Selasa, 03 November 2015

Sang Pangeran Kodok

Sangat berat aku untuk melangkah, melangkah menuju ruang kelas dimana aku harus belajar. Aku masuk sekolah Aliyah di Bandung. Aku tak pernah ingin masuk ke sekolah ini, tapi orangtuaku memaksaku untuk masuk ke sekolah ini. Hari pertama aku harus menjalankan tes tulis sendirian, karena yang lain sudah masuk dan matrikulasi. Ya, aku bias mengikuti tes itu karena ibuku seorang guru di sekolah tersebut.
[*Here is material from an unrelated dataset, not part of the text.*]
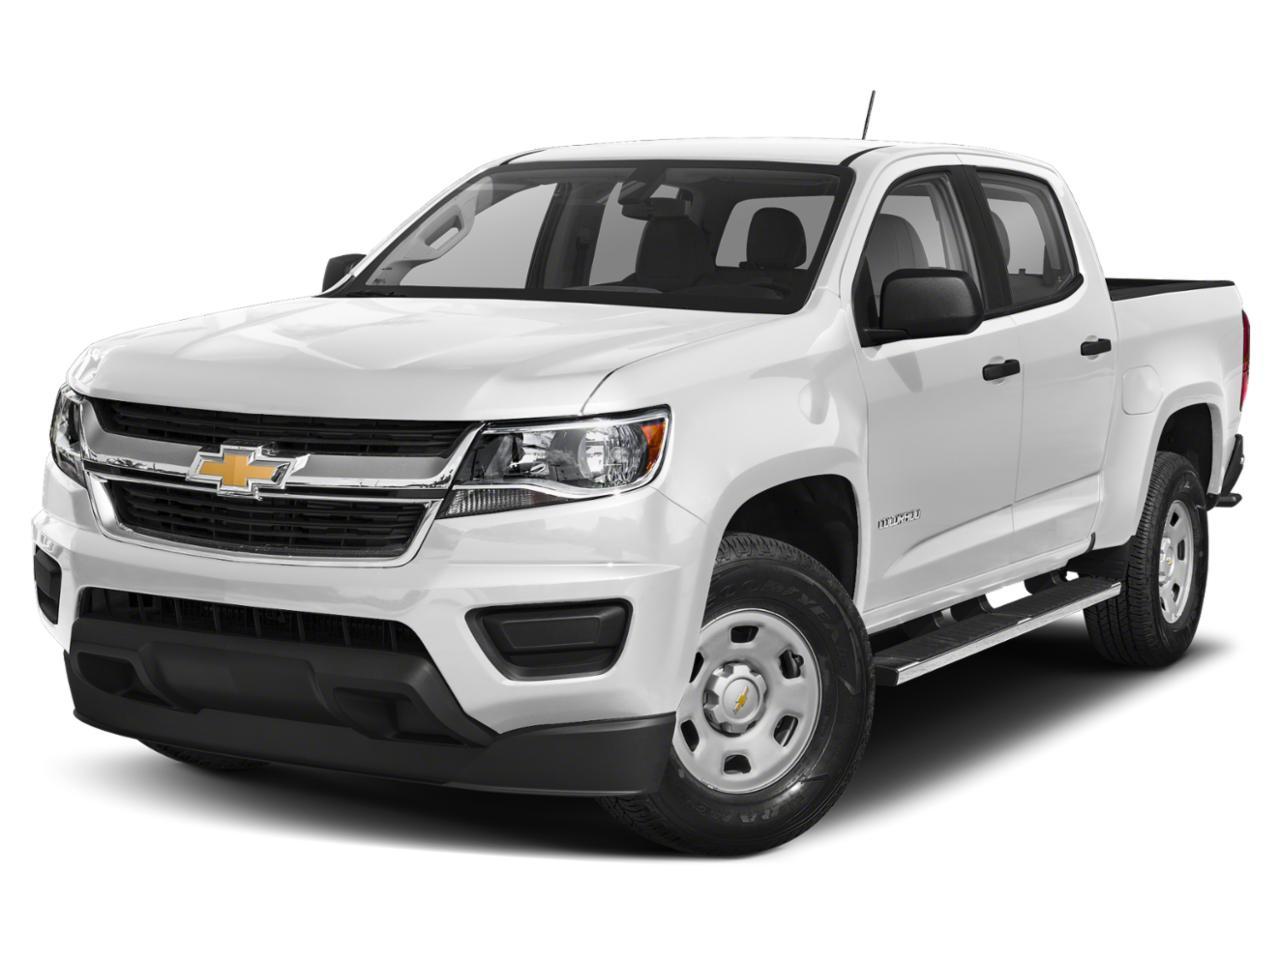 2019 Chevrolet Colorado Vehicle Photo in Odessa, TX 79762

Esoknya aku masuk untuk mengikuti matrikulasi. Aku melihat seorang pria. Dia sangat cukup membuatku tertegun. Tapi aku tahu perasaan ini salah. Karena pada saat itu aku masih mempunyai kekasih. Aku harus menjaga perasaanya. Tapi mataku tak bias berbohong. Mataku tak bisa lepas darinya. Setiap hari ku selalu menatapnya, dan mulai mencari tahu tentang dirinya. Tidak lama kemudian aku pun putus dengan kekasihku. Entah mengapa aku mengambil keputusan itu. Mungkin aku sudah merasa tidak nyaman dengannya. Tapi ini bukan karena pria itu.

Hari demi hari aku lalui dengan bersekolah seperti yang lainnya. Perlahan aku mempunyai banyak teman. Dan aku mulai merasa nyaman bersekolah di sekolah ini. Lagi-lagi aku menatapnya. Menatapnya begitu lama. Entah ini hanya sekedar kagum atau apa aku pun tak mengerti. Aku selalu mengajaknya bercanda tapi dia selalu bersikap dingin denganku. Aku tak mengerti mengapa dia bersifat seperti itu.
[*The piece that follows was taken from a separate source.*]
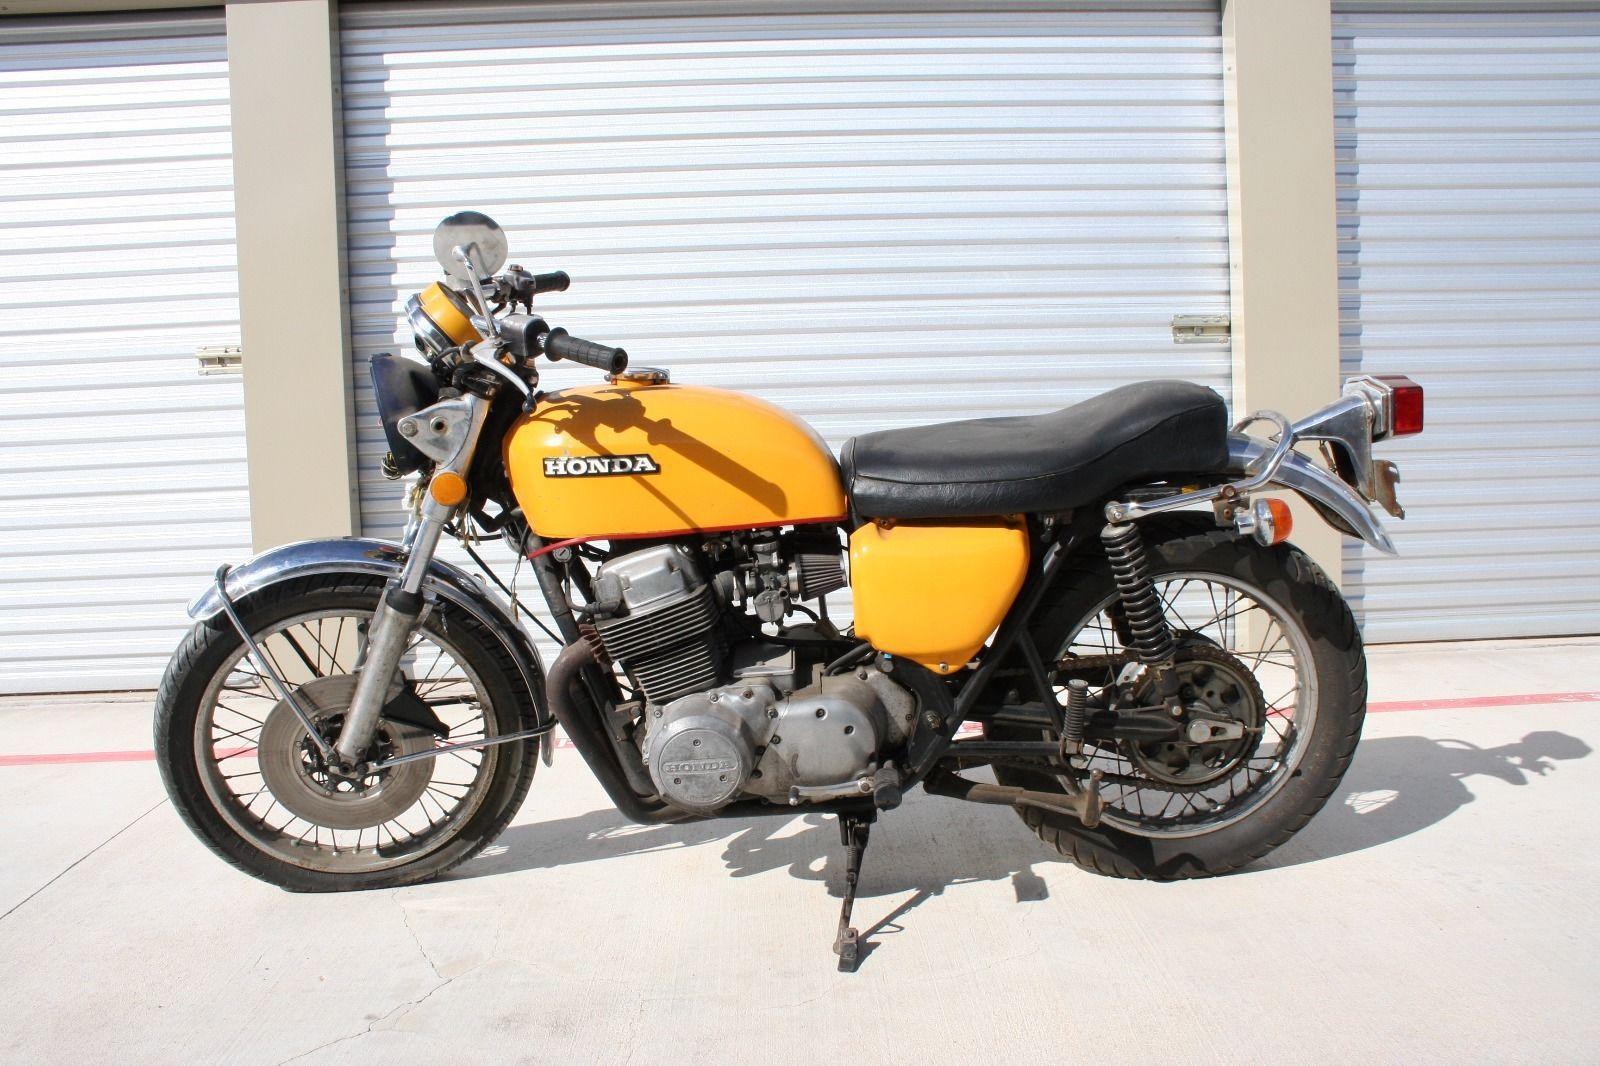 1975 Honda Cb750 Cafe Racer Conversion For Sale

Saat itu aku sedang berdiri di balkon sekolah. Aku menatap pria itu dari atas, dia sangat lihai menendang dan mengoper bola itu. Dengan keringat yang turun dari dahinya itu semakin membuatnya terlihat keren. Bahkan siswi di sekolah ini mungkin hampir semuanya kagum padanya.

"Venus!! bengong aje lo, lagi liatin siapa sih?" Fiona, dia adalah teman dekatku di kelas sekaligus teman sebangku ku.

"E..eh, apa Fi? engga ko gua ga lagi ngeliatin siapa-siapa."

"halah ga usah bohong gitu deh, jangan-jangan lo ngeliatin.."

"hah ngeliatin siapa maksud lo?"

"negliatin..."

"ngeliatin siapa??"

"Ngeliatin Agus!! hahahahahaha." Tawa pun tak tertahankah. Aku langsung menatap temanku ini.

"Apa sih, ga lah masa gua ngeliatin si Agus."

"Barangkali aja gituuu.."

"Engga Fiona engga!! udah ah gua mau masuk, mau makan laper nih, lo mau ga? gua bawa makanan nih di bawain sama mommy."

"wiih boleh boleh.."

Untung Fiona tidak mengetahuinya. Karena aku hanya ingin Tuhan dan hatiku yang tahu tentang perasaan ini.


Sinar sang fajar telah berubah warna menjadi oranye. Senja telah tiba, matahari mulai terbenam. Bayang pria itu masih ada di benak ku. Senyuman khas nya itu, yang selalu membuat aku terpana.